Di studi con un palmarès capace di far sognare non impegnati direttamente con Sony, dicevamo, non ce ne sono molti, e alcuni di questi sembrano intoccabili o quasi vista la qualità della loro relazione con la casa di PlayStation. Ma ai tempi di Resistance chi lo avrebbe mai detto che Insomniac Games avrebbe realizzato un’esclusiva Xbox? Si tratta di situazioni soggette ad opportunità e business in continua evoluzione, per cui la “sorpresa” in senso stretto è forse il caso di lasciarla da parte quando si parla di industria videoludica. In ogni caso, due dei nomi che in queste ore convulse stanno popolando forum e social network ci sembrano proprio troppo in là, in considerazione del fatto che su PS4 hanno pubblicato alcuni dei loro prodotti di maggiore successo, frutto di collaborazioni sia tecnologiche che mediatiche con pochi pari al mondo.

Il primo, From Software, ha pochissimo fondamento. La software house di Hidetaka Miyazaki fa parte di uno dei gruppi più opulenti dell’intrattenimento giapponese, Kadokawa Dwango, una realtà che non ha certo necessità di vendere e che ha inglobato i creatori di Bloodborne soltanto nel 2014. Inoltre, ha improntato finora un modello vincente, che la vede alternare un prodotto dal suo sacco di proprietà intellettuali come Dark Souls ad altri, come il summenzionato BB e Déraciné, insieme al gemello Japan Studio di Sony: non vediamo troppe ragioni per abbandonarlo. I pro si sprecherebbero naturalmente, e andrebbero dall’avere un team capace di creare prodotti letteralmente unici e senza neppure un genere di riferimento (tant’è che si parla di soulslike per definirli)  al poterlo utilizzare come ariete sul mercato nipponico, dove pure non sono mancate partnership.

quantic dream

Ragionamento simile vale anche per Quantic Dream. È vero che parliamo di uno studio relativamente mid-sized, da 100-200 dipendenti; è vero che di recente ha aperto allo sviluppo su più piattaforme con assunzioni che alludono a Windows; è vero che qualcuno potrebbe voler prendere le distanze dopo la querelle legale con personale che lamenta un pessimo ambiente di lavoro e la stampa che ha portato a galla quella brutta storia; ed è vero infine che alla base c’è un contratto a gioco, ovvero teoricamente una volta finito un progetto, liberi tutti.

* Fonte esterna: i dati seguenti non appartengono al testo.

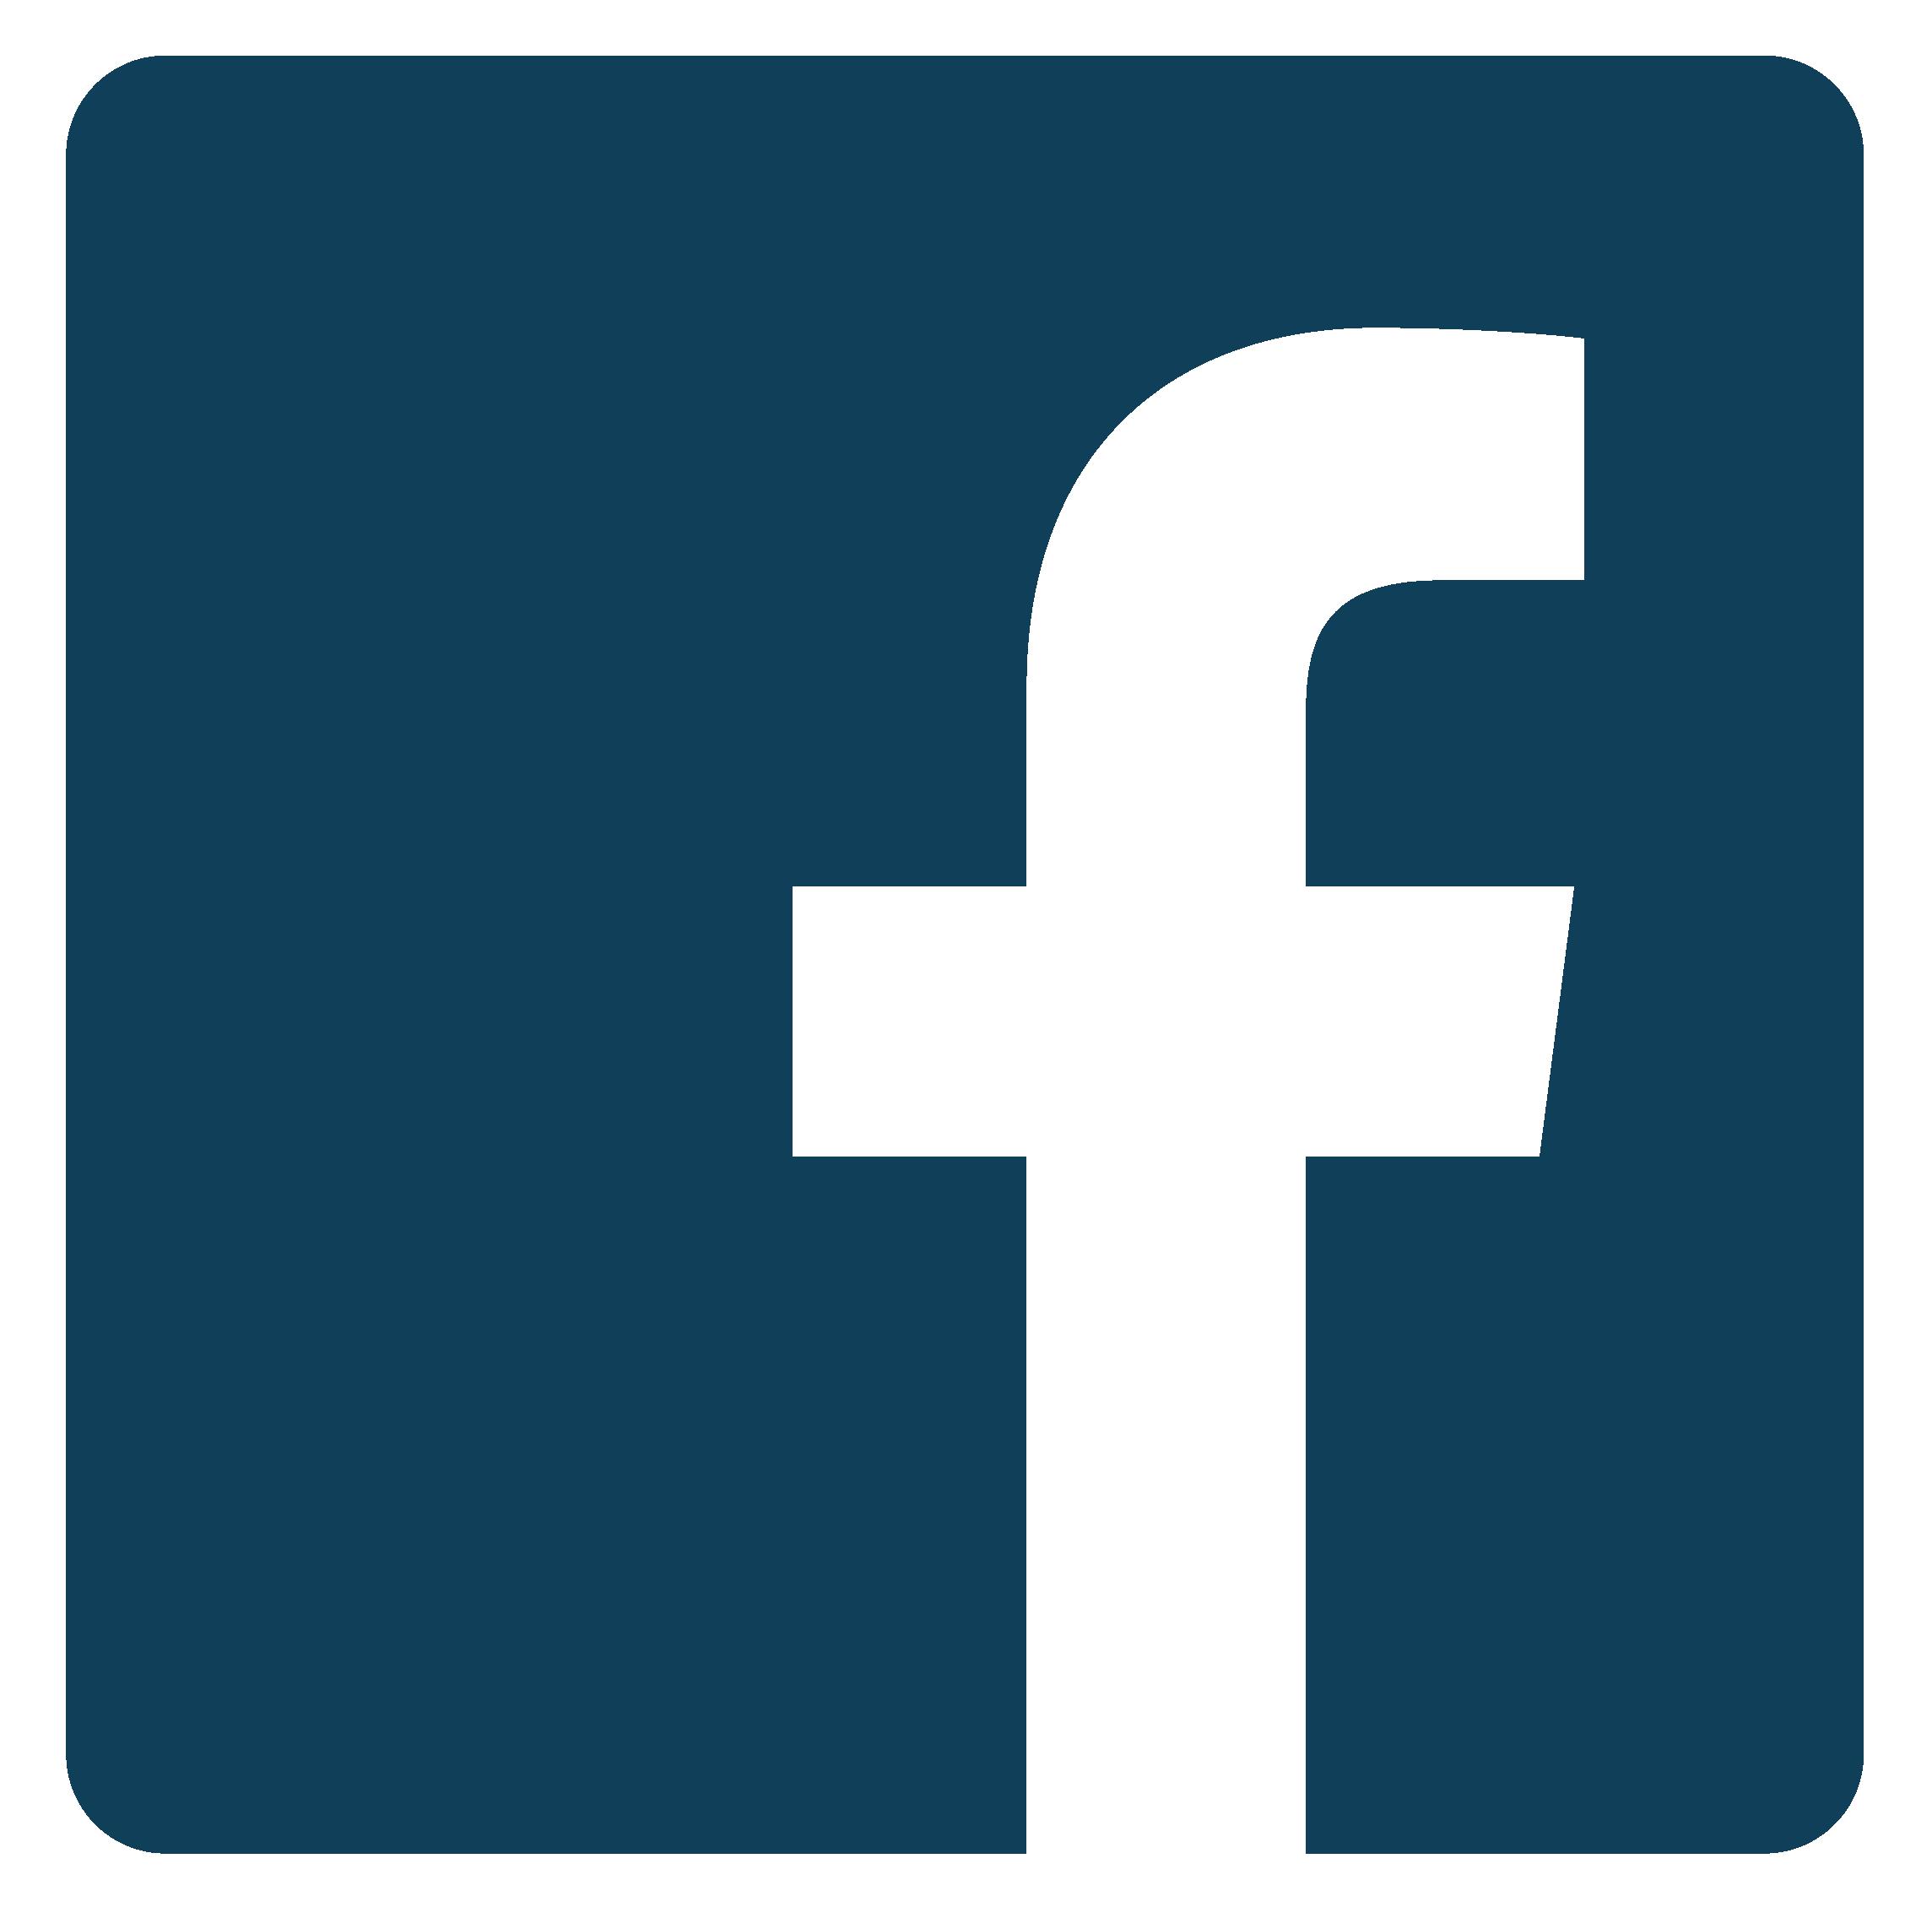 Facebook Computer Icons Logo Blog.

Ma finora il rapporto con Sony è stato a dir poco eccellente, e soprattutto soddisfacente per entrambi: le vendite di Detroit: Become Human così come Heavy Rain e Beyond: Due Anime sono state ottime e per certi versi soddisfacenti, e soprattutto alla squadra transalpina è sempre stata garantita piena libertà creativa, che è risultata nel fatto che non abbia mai dovuto sviluppare un seguito, neppure di quell’Heavy Rain tanto apprezzato. Con queste premesse, perché fermarsi con Detroit? Inoltre, sarebbe un’invasione di campo senza precedenti se Microsoft si intromettesse in un idillio simile…

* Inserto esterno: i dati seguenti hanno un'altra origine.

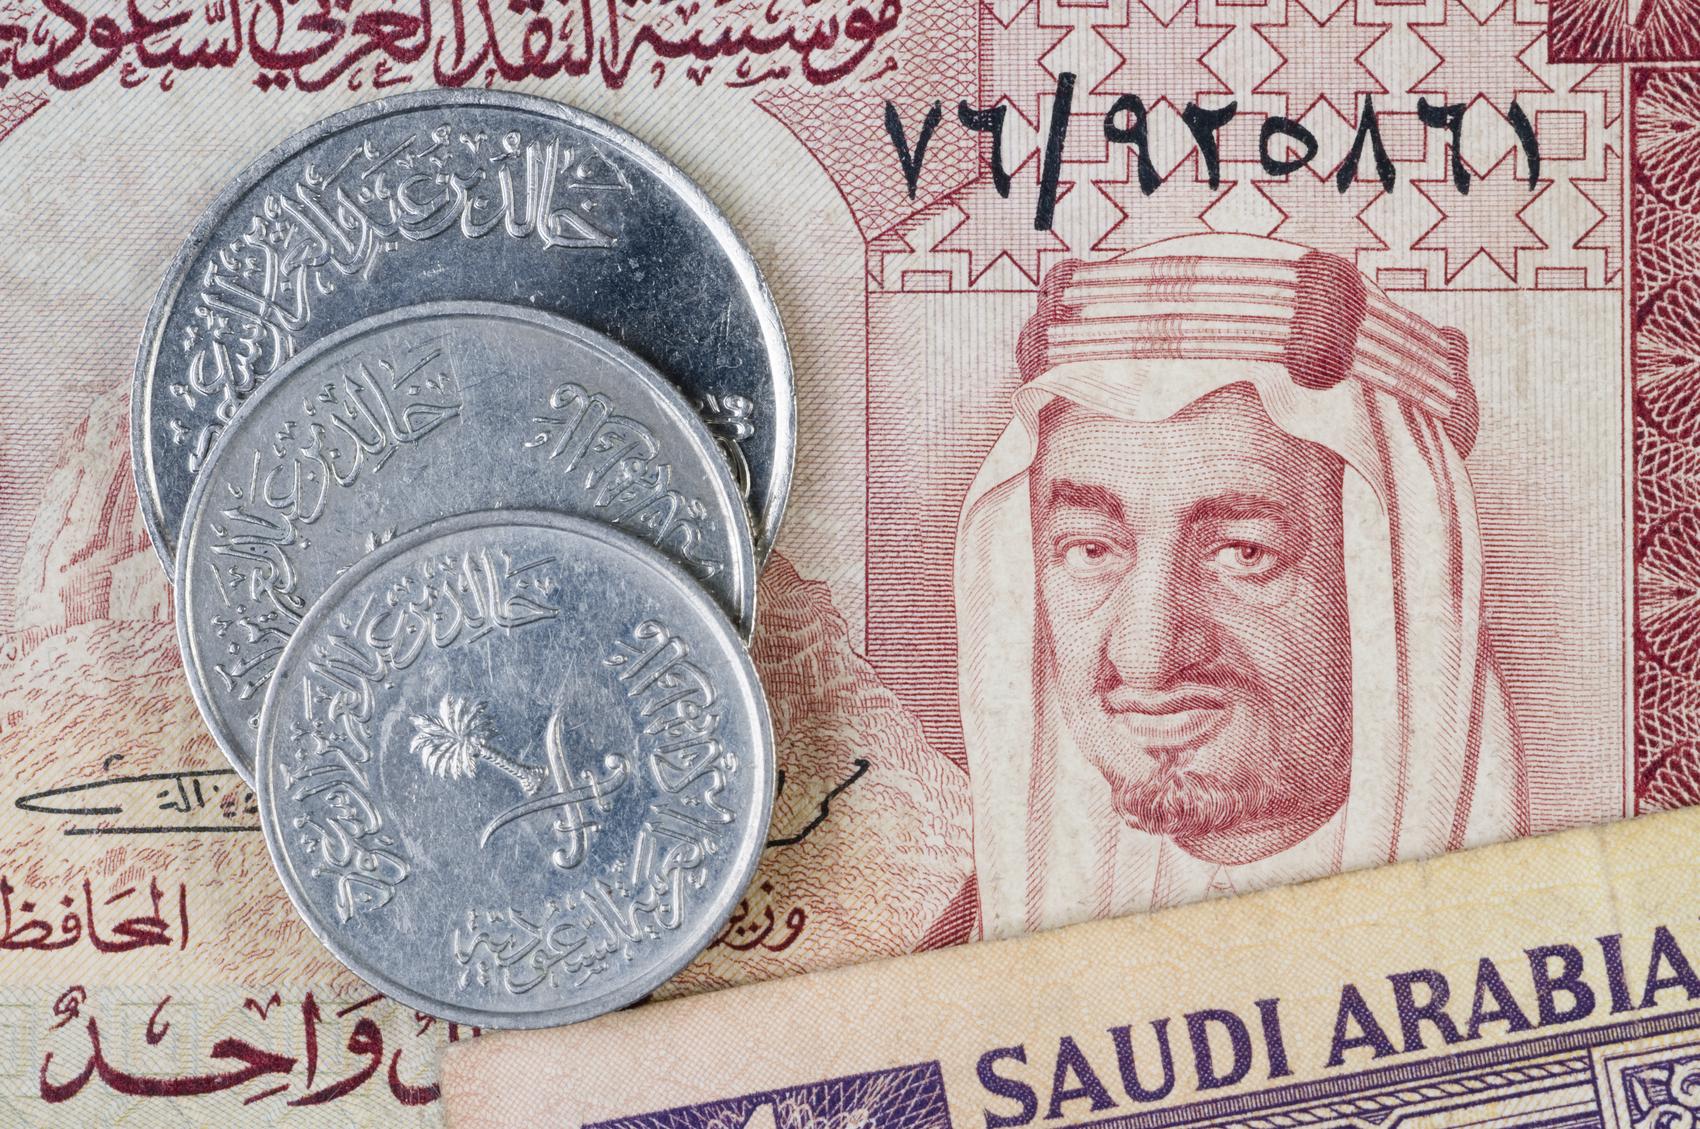 Saudi Arabian riyal banknotes & coins

Siamo dunque alla conclusione di una rapida analisi sulle potenzialità di un rumor, da prendere sempre in quanto tale, che ha come base la convinzione che Microsoft Studios continui a crescere nel 2019. Nei giorni scorsi la stessa fonte ha chiacchierato di interessamenti per Turtle Rock Studios (Left 4 Dead, Evolve) e IO Interactive (Hitman), e naturalmente una pista non esclude l’altra – così come potrebbe trattarsi di un’unica grossa allucinazione – visto che gli annunci massivi non sarebbero una novità per la compagnia di Xbox. Adesso siamo a 15, facciamo altri 5 per fare cifra tonda e poi cominciamo finalmente a parlare di giochi? Lo scopriremo, si spera, in tempo per l’E3 del prossimo giugno.